*ABOUT THIS EXERCISE*.
Using the material below, repeat exactly the lines from the one with "Blanca Suárez bebiendo cerveza" through the one with "Kleidung Herren Jacken", ends included, without any images.

*DATA FOR PROCESSING*.
>>

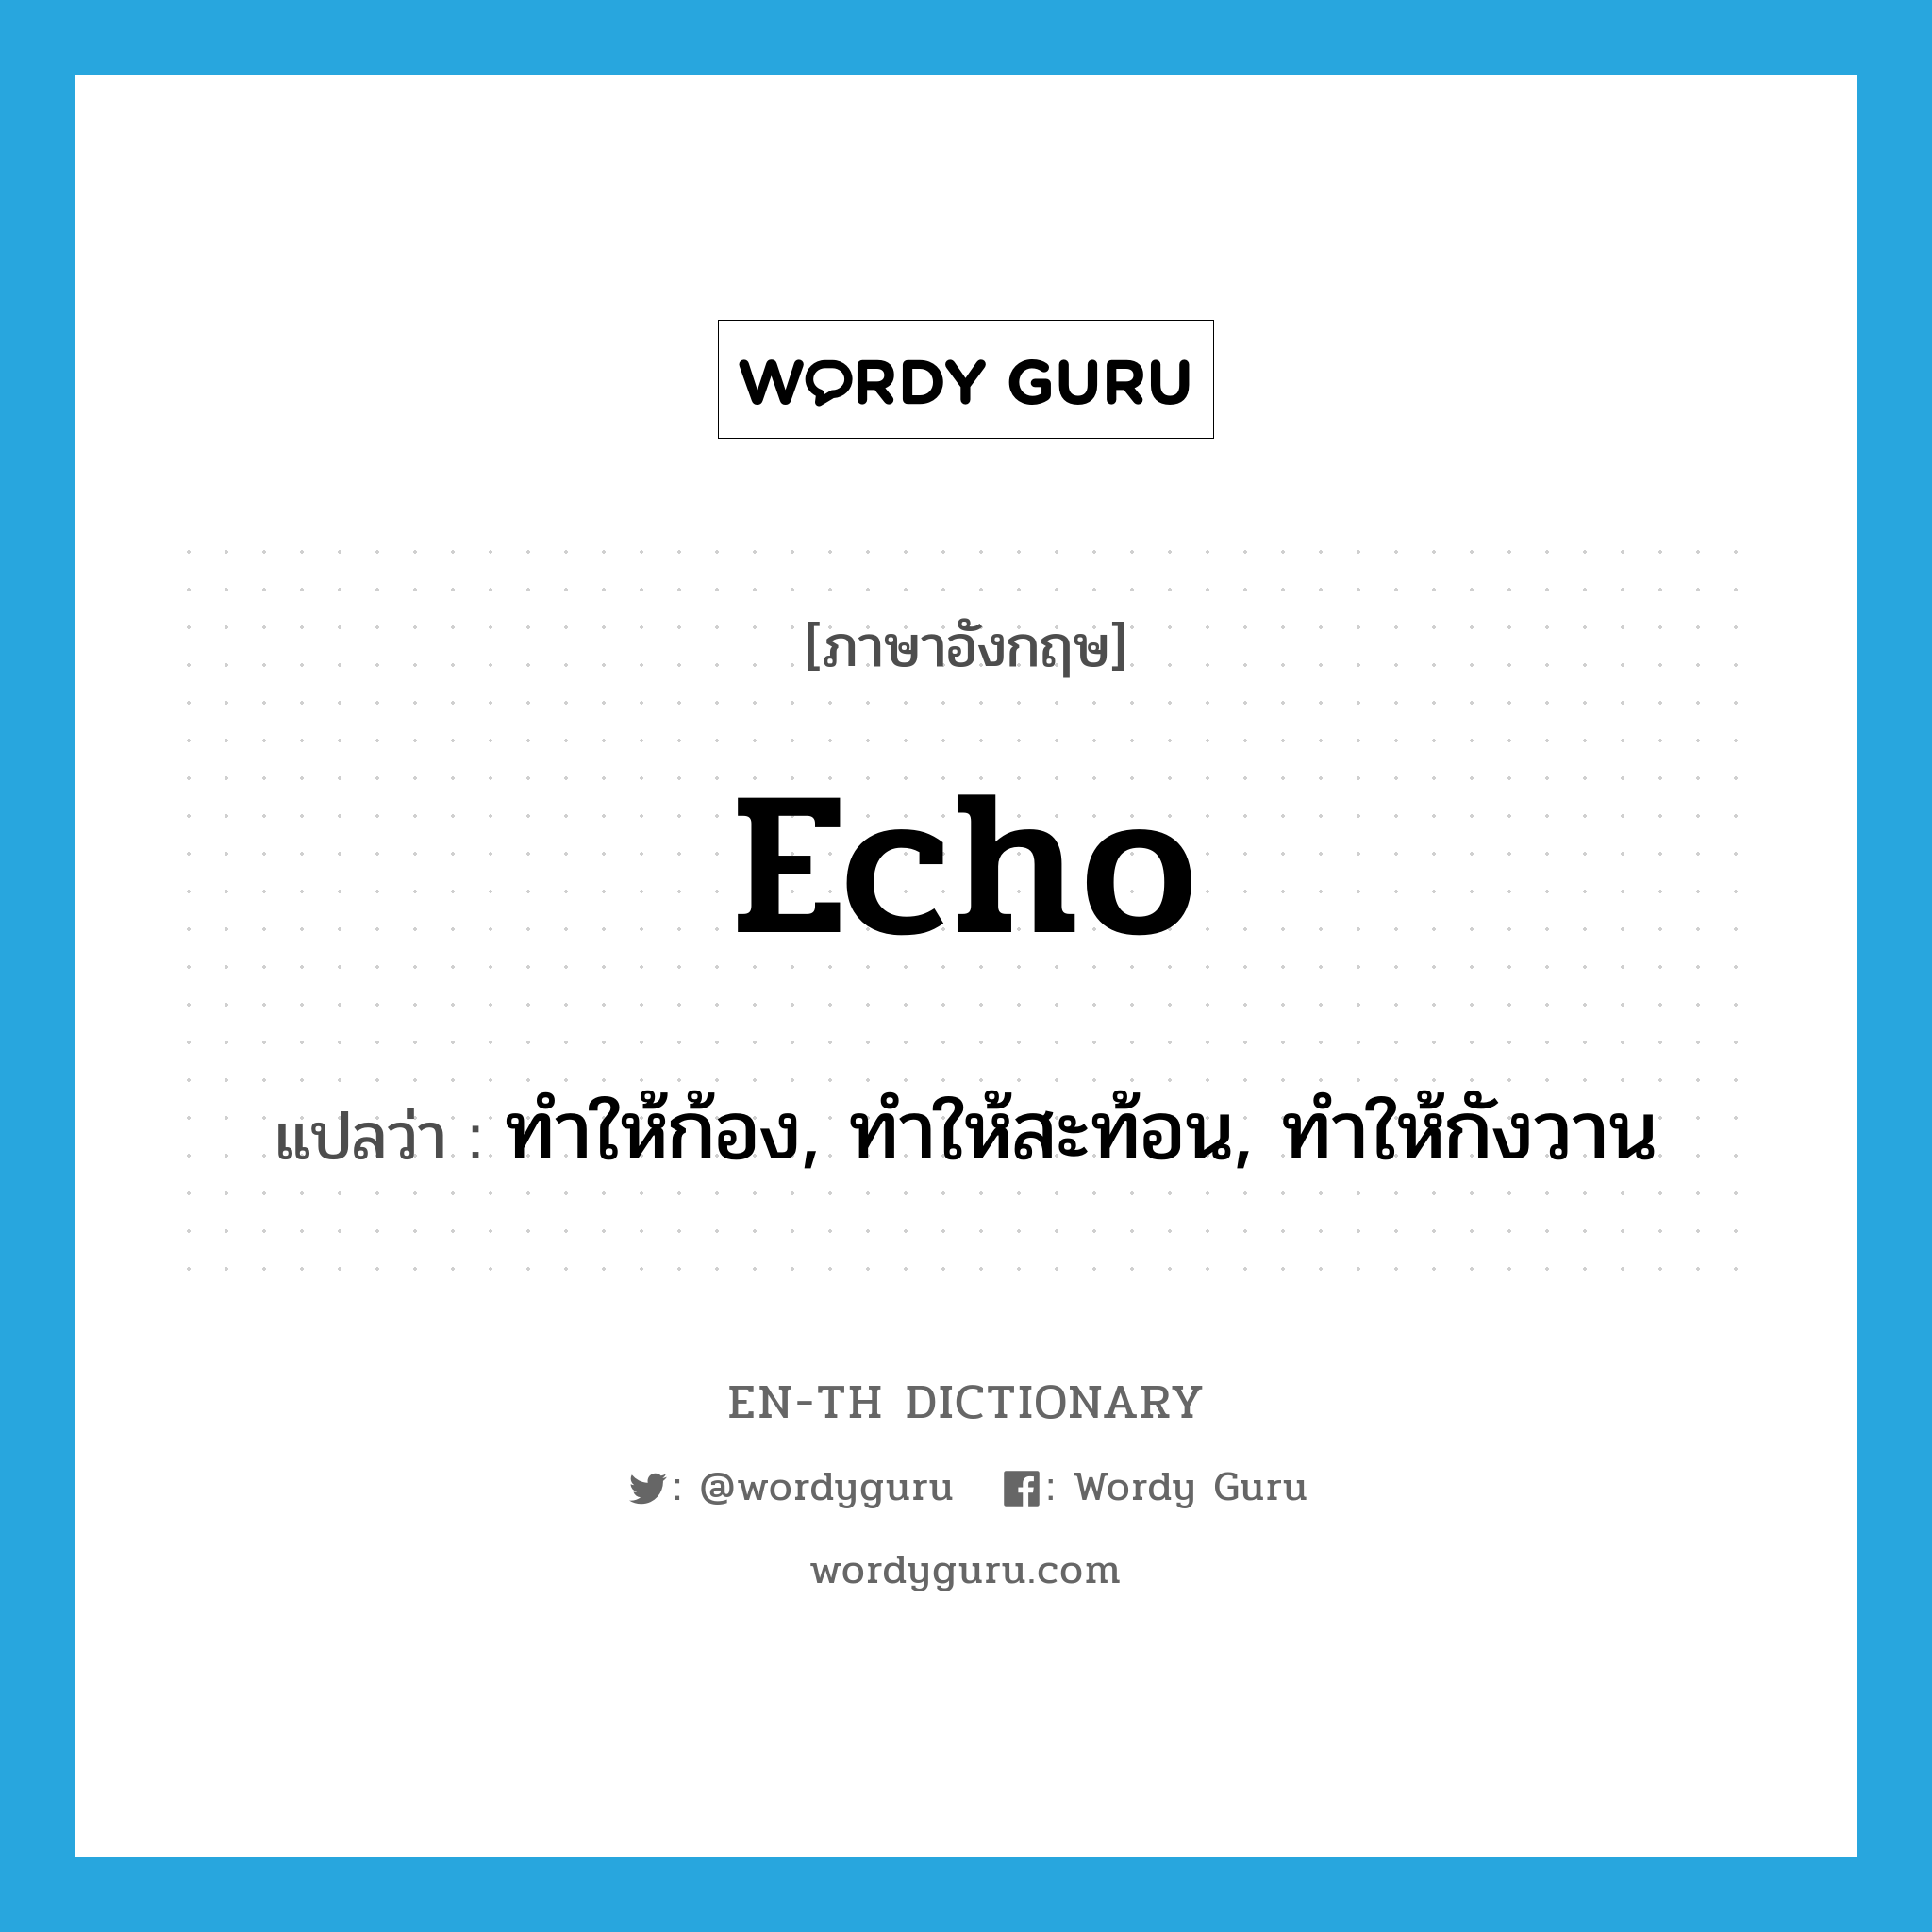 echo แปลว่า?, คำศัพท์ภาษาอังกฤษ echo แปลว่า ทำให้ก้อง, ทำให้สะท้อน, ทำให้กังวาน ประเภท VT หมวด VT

<<
>>

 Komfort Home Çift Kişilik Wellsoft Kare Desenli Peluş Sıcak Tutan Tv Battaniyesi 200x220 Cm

<<
>>

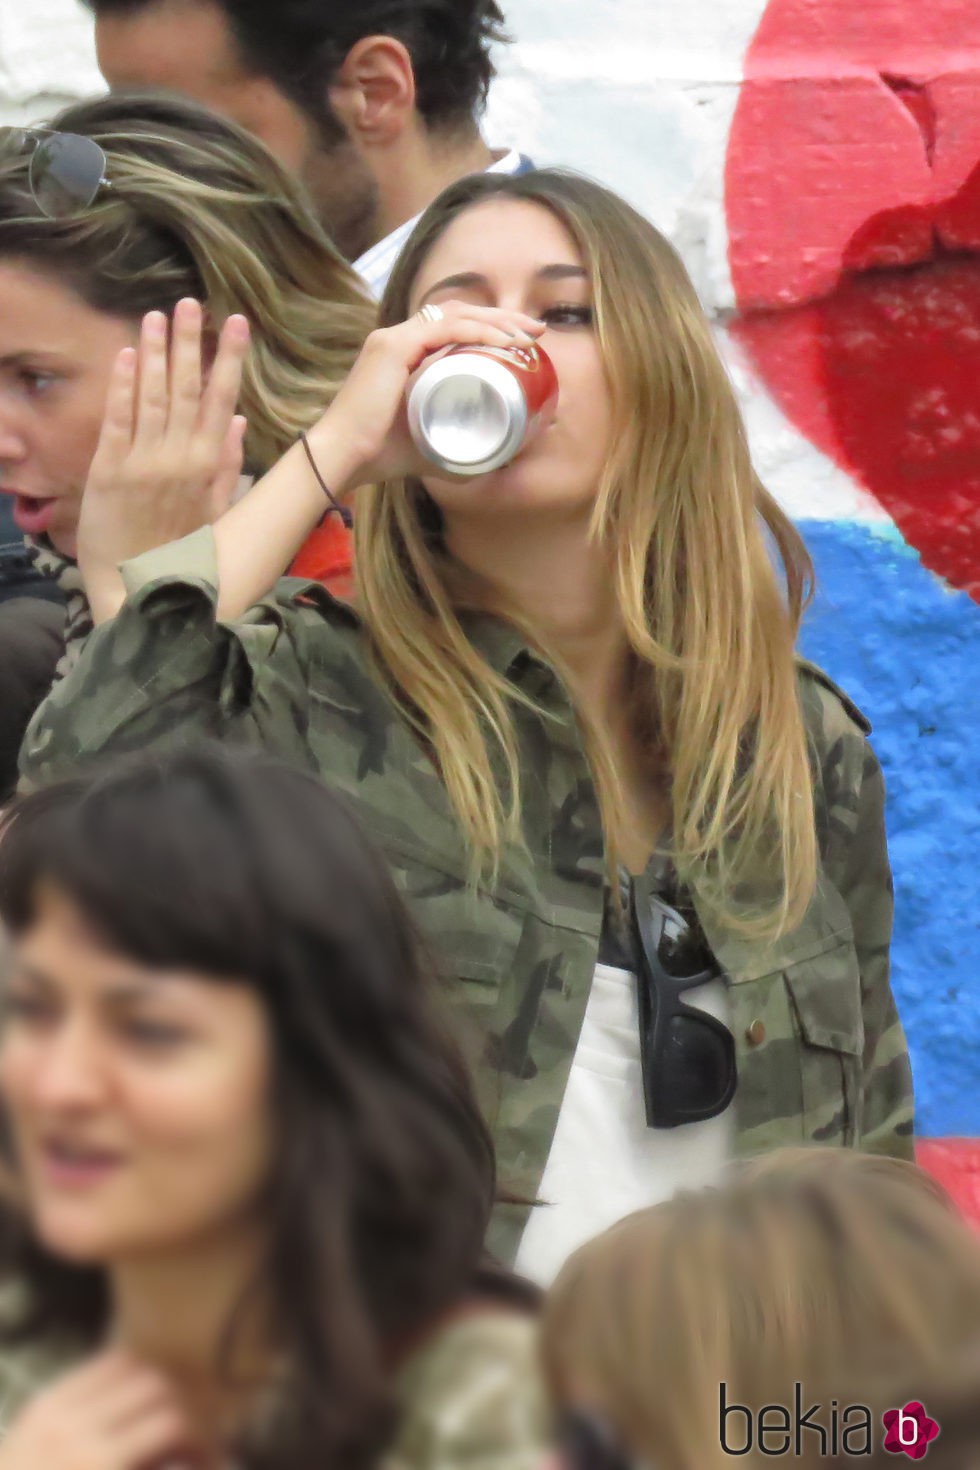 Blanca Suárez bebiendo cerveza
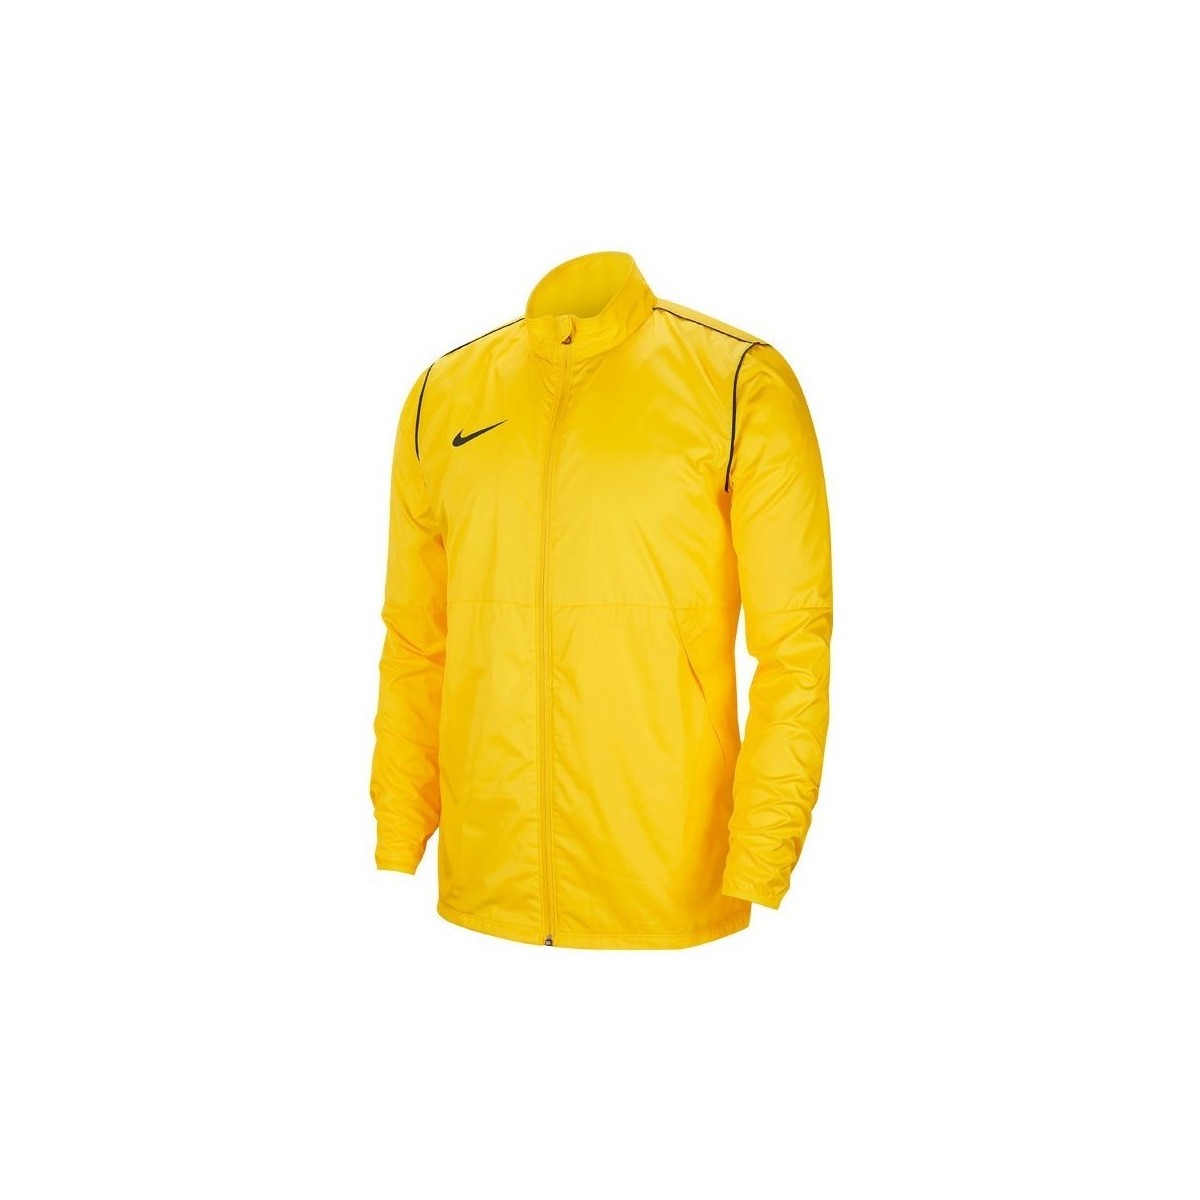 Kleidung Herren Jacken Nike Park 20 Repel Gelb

<<

*WRITTEN SOLUTION*.
 Blanca Suárez bebiendo cerveza
 Kleidung Herren Jacken Nike Park 20 Repel Gelb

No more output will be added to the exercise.